Limit in document number

Hi,

In one of other similar posts I left a comment, but that post was not answered, so I decided to open a new question.

It seems that Couchbase has very frustrating limitation on number of documents able to be stored in a node/cluster, depending on the total memory.

My calculations; taking EC2 Large instance as a base and using the calculation provided in the CB2 manual I get the following:

Preliminary data:
1. EC2 Large instance memory 7.5GB and only up to some 5.5 GB may be dedicated to a bucket. So we use 5.5GB.
2. Suppose we don't have replica (no_of_copies = 1 + number_of_replicas (0) = 1).
3. Document Key length - 20b (ID_size=20).
4. Meta data is 120b (This is the space that Couchbase needs to keep metadata per document. It is 120 bytes. All the documents and their metadata need to live in memory at all times and take no more than 50% of memory dedicated to a bucket.).
5. Suppose intended number of documents is 100M.
6. We even do not take into account the total documents disk size for simplicity

Memory needed = (documents_num) * (metadata_per_document + ID_size) * (no_of_copies)

100,000,000 * (120+20) * 1 = 14,000,000,000b = 13GB
13GB * 2 (50% of memory) = 26GB (memory needed to have 100M bucket operating)
26GB / 5.5 = 4.73 = 5 EC2 Large instance

So, that means that for storing 100M documents in EC2 L units we need to have at least 5 instances. This number of documents is nothing for a more or less serious project, though the cost of the servers (I am not even talking about Couchbase Support License Fees) will be unspeakable.

And if we want to have a replica than the number is duplicated.

These calculations are very raw. Using right more complicated way will not make it significantly different, if not even worse.

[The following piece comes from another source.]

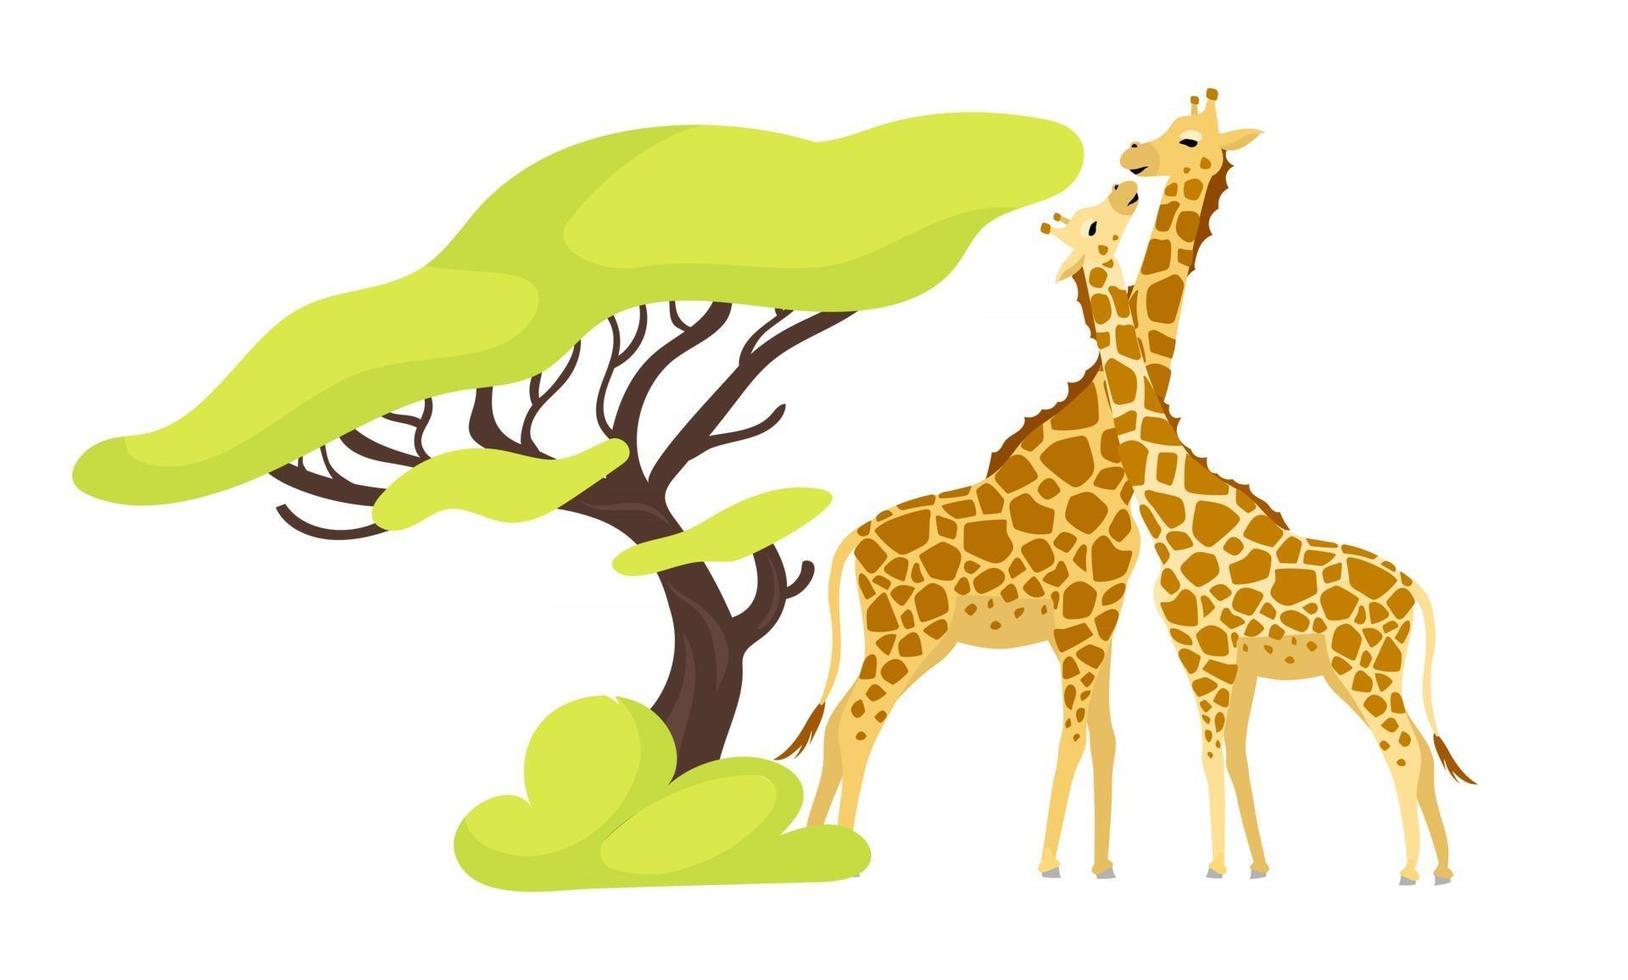 Giraffe pair flat color vector illustration. Pair of african animals near exotic tree. Flora and fauna. Green foliage. Southern creature isolated cartoon character on white background

I really hope that I am not right on my calculations and I am looking forward to being disproved, because I like very much the product for a Number of aspects and really would like to use it in our projects.

1 Answer

« Back to question.

The metadata amount per item is actually down near about 60 bytes. In previous versions it was higher, but the latest manual should have the right numbers (http://www.couchbase.com/docs/couchbase-devguide-2.0/more-on-metadata.html). I would also say that it is not a hard requirement to have the metadata be less than 50% of the RAM, rather a guideline to ensure you still have enough space to get the benefit of caching the actual document values.

Overall you are correct that the current software requires all keys and their metadata to be in RAM at all times. There are very good reasons for doing this as it leads to extremely fast lookup times not only for data that we do have, but for items that we do not have (a "miss"). Rather than spending 10's of ms (or more) scanning an index on disk, we can return these requests in sub-1ms.

Of course there are resource costs to this, but that is how Couchbase provides its very predictable and low latency.

One of the next major improvements to the software will be to relax this constraint and allow more of this information to reside on disk. This will have to be a configureable setting as the expectation of a memcached-like system is that it can provide the response times that we do.

I can tell you of many users of Couchbase that actually store well over 1B items in their cluster. Yes it takes money and resources to do so, but the idea being that they are using the scale and performance to make even more money with their particular application. It's also worth saying that Couchbase is certainly not a hammer for all nails and there will be applications that do not need the performance that it provides...therefore other solutions may fit better. It's up to each individual application to evaluate the tradeoffs between performance, simplicity, functionality and cost (to name a few).

Hope that provides some better context.

Perry